One possibility is that in the upgrade testing env, there is only one worker node?
So that it enters a "fully disrupted" mode, and node lifecycle manager doesn't update node to NotReady state, per its design.
Edited: nvm, I noticed that there are 3 worker nodes.
Another symptom I observed is: in regular e2e test env where this test passed, the log shows:
I1104 21:45:51.260] Nov 4 21:45:51.260: INFO: block network traffic from 18.104.22.168:22 to 22.214.171.124
But in the "master upgrade" env, it shows:
Nov 4 17:54:56.449: INFO: block network traffic from 126.96.36.199:22 to 188.8.131.52
It looks suspicious that the master ip is resolved to be
And the e2e test uses same logic to retrieve master ip:
Edited: the master ip resolving is good, but it's that during the master upgrade, internal communication from worker nodes to master got changed to use internal ip.
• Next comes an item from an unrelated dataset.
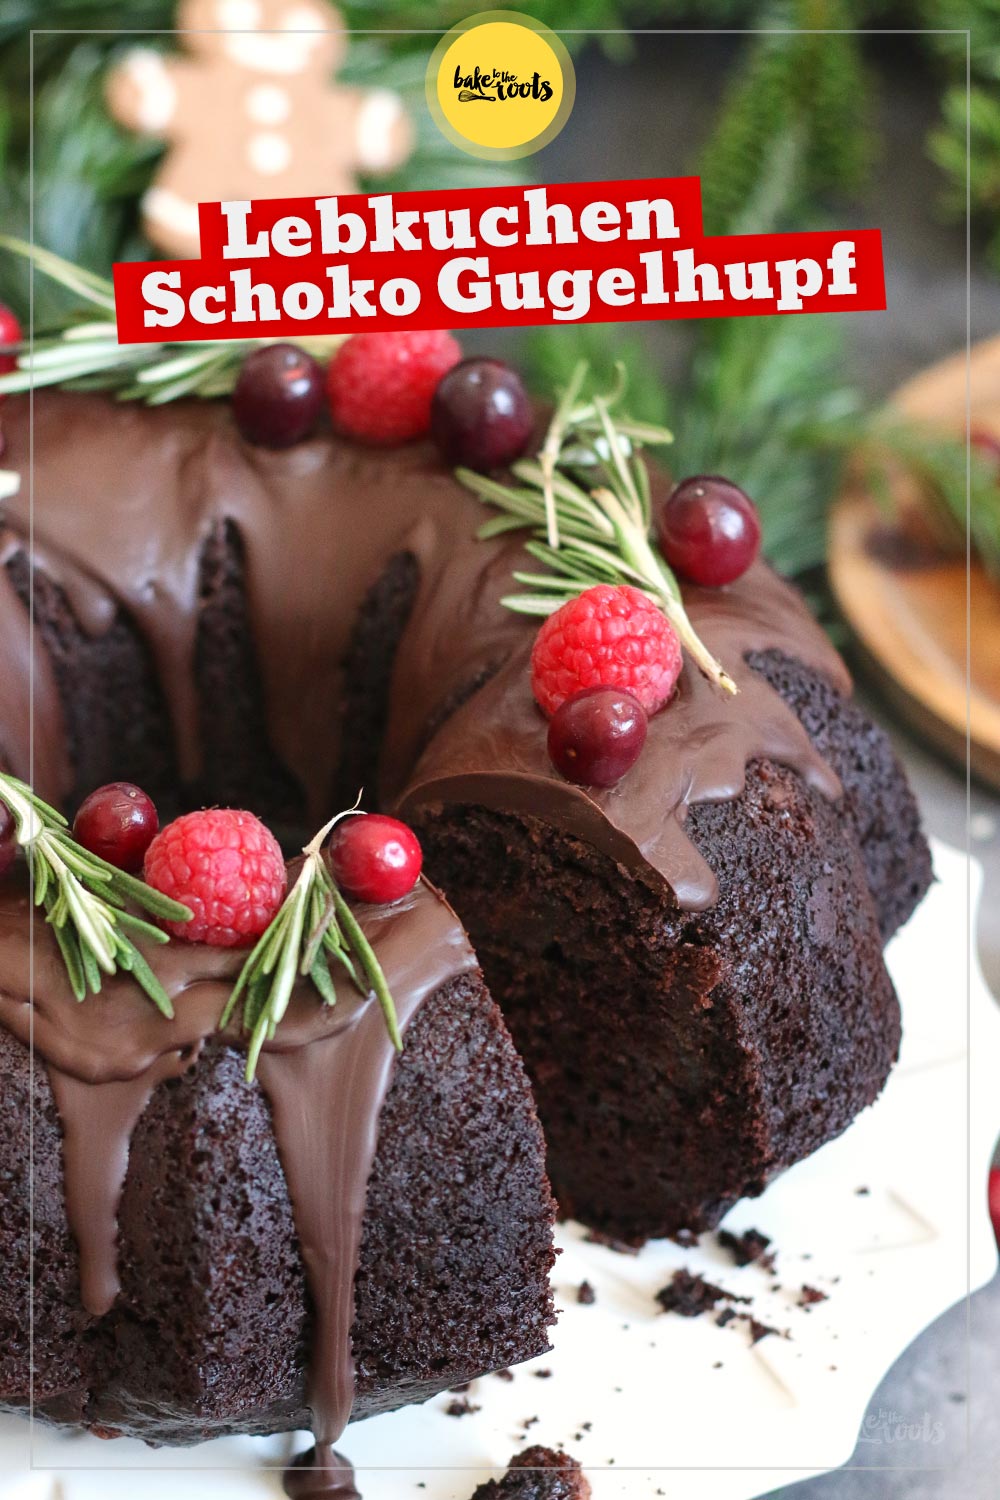 Lebkuchen Schokolade Gugelhupf Adventskranz | Bake to the roots
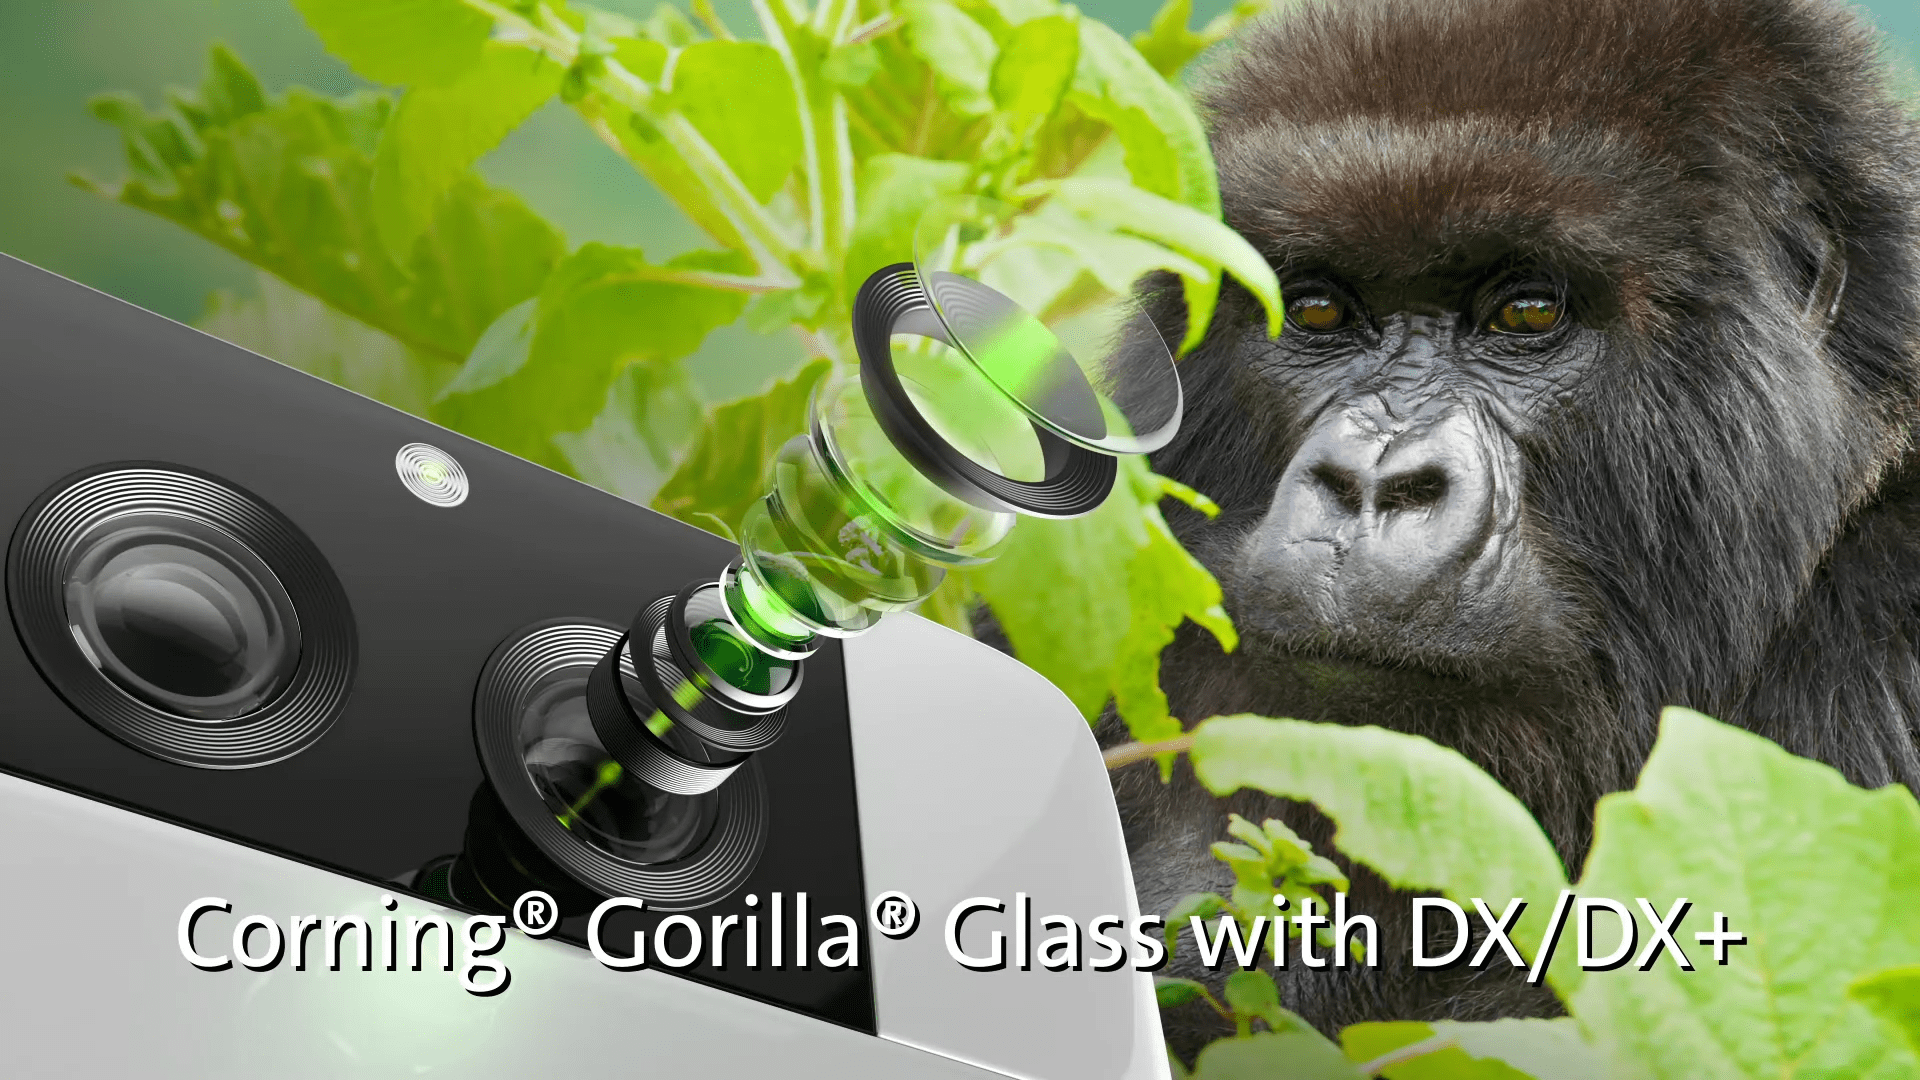 Das neueste Corning Gorilla Glass geht zuerst an Samsung 177

I think the root cause is described in #56787:
Or, is there a way to disable this only in master upgrade env?
@justinsb I see that your PR #70681 merged as a fix for #56787. I see the test passing in the lagtest run https://testgrid.k8s.io/sig-release-master-upgrade#gce-new-master-upgrade-cluster-new !! Thanks much.
Is there any more work needed @Huang-Wei or can we close this?